Australian company directors will soon be required to have unique director identification numbers (DIN) following the assent of the Treasury Laws Amendment (Registries Modernisation and Other Measures) Act 2020 (Cth).

The changes form part of the Australian Government's Modernising Business Registers Program which will consolidate the Australian Business Register and 31 registers administered by the Australian Securities and Investments Commission (ASIC) to a single platform which will be known as the Commonwealth Business Registry. The Commonwealth Business Registry will operate on new and improved technology and will streamline key business registry functions to provide more user-friendly, modern registry services.

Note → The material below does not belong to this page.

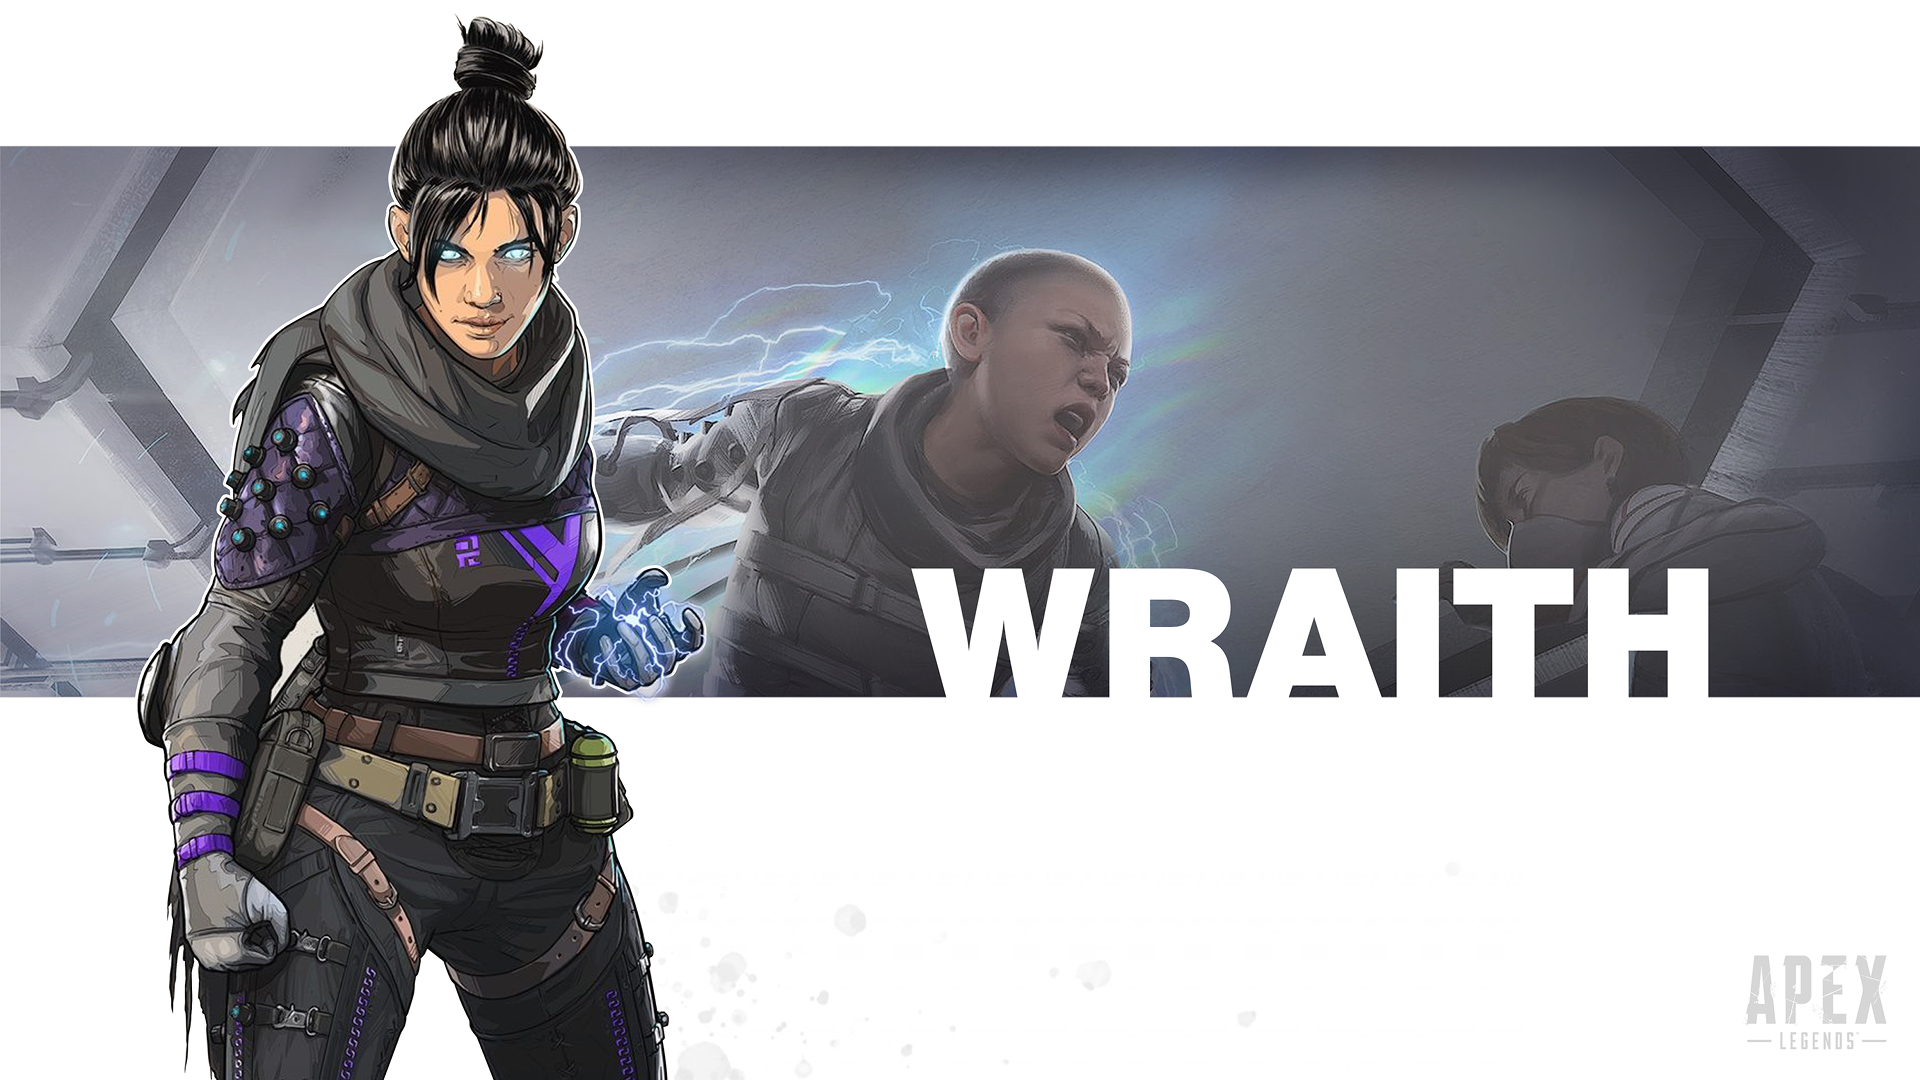 Wraith : Apex Legends (Video Game) 4K wallpaper download
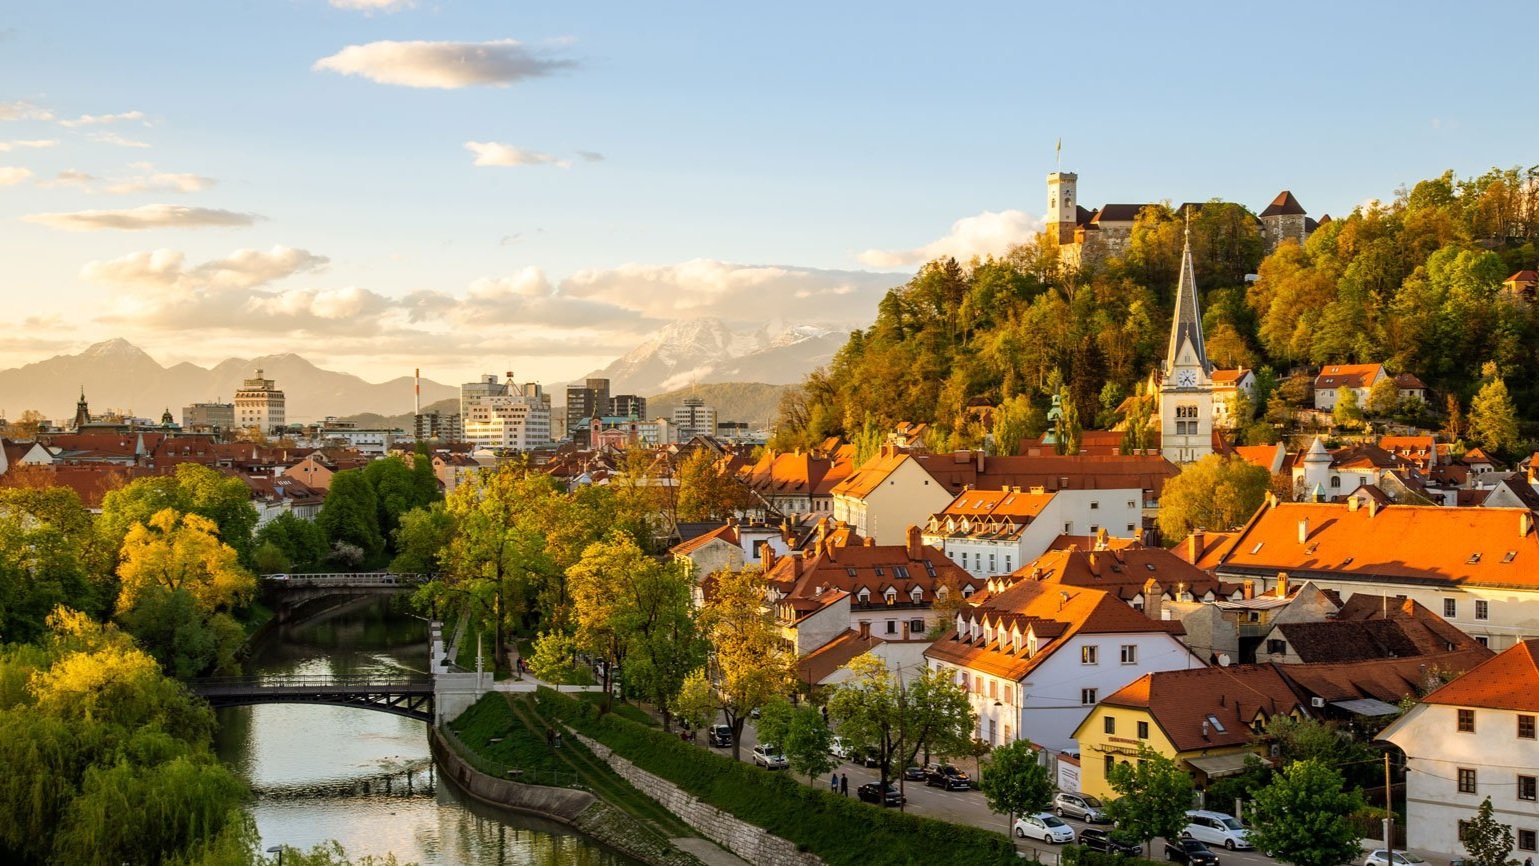 Ljubljana, an elegant and underrated provincial capital of Slovenia

Currently, ASIC does not verify the identity of directors, meaning directors may have multiple records with ASIC with variations of name, address or personal details. A unique, permanent DIN will make business information more reliable and provide better traceability of a director's relationships across companies. This makes it harder for directors to disassociate themselves with failed companies and to undertake illegal phoenix activity (when the assets of a failing company are transferred to third parties without consideration to avoid paying existing liabilities).

When to apply for a DIN

The DIN regime comes into effect once the new Registrar is appointed to the Commonwealth Business Registry which we expect will occur early 2021.

There will be a 12-month transition period during which:

  • New directors will have 28 days from their appointment to apply for their DIN, and
  • Existing directors will be given a deadline (still to be announced) by which they must have applied for their DIN.

We note that while the new Registrar is yet to be appointed, it is intended that ASIC will remain the corporate regulator.

Practical considerations

Once the regime is fully in place, a person cannot be appointed a director of a company without first securing a DIN. Companies will need to amend their procedures to ensure identity verification and DIN issue for directors before they are appointed. This could make it difficult for companies to appoint new directors on short notice.

We do not yet know the process of obtaining a DIN and what forms of identification will be required to verify identity. We expect it will be a similar application process to existing government digital services such as myGovID with the ATO which uses a points-based system for proof of identification. Meeting the verification requirements might prove problematic and time consuming, particularly for those proposing to be directors of registered foreign companies.

One way of dealing with this would be to apply for a DIN in contemplation of becoming a director. However, a DIN will be automatically cancelled if that applicant is not acting as a director within 12 months.

Penalties

The criminal and civil penalties for non-compliance of the DIN regime under the Corporations Act 2001 (Cth) will be broadly similar to penalties for comparable provisions.

Under the Corporations Act, Directors without a DIN can face maximum criminal liability of 60 penalty units and maximum civil liability of $1.05M. Directors that apply for more than one DIN or who misrepresent their DIN numbers can face up to 12 months imprisonment in addition to pecuniary penalties.

What you need to know:

  • Directors must have their identity verified and apply for a DIN (this includes alternate directors acting as directors and other officers as might be prescribed by regulations).
  • Directors can only have one DIN, even if they are directors or officers of multiple companies.
  • The regime will prevent the appointment of fictitious directors, and facilitate traceability of their profile and relationships with companies over time.
  • The regime extends to Australian body corporates, Aboriginal and Torres Strait Islander corporations and registered foreign companies.
  • Directors without a DIN can face maximum criminal liability of 60 penalty units and maximum civil liability of $1.05M.

The content of this article is intended to provide a general guide to the subject matter. Specialist advice should be sought about your specific circumstances.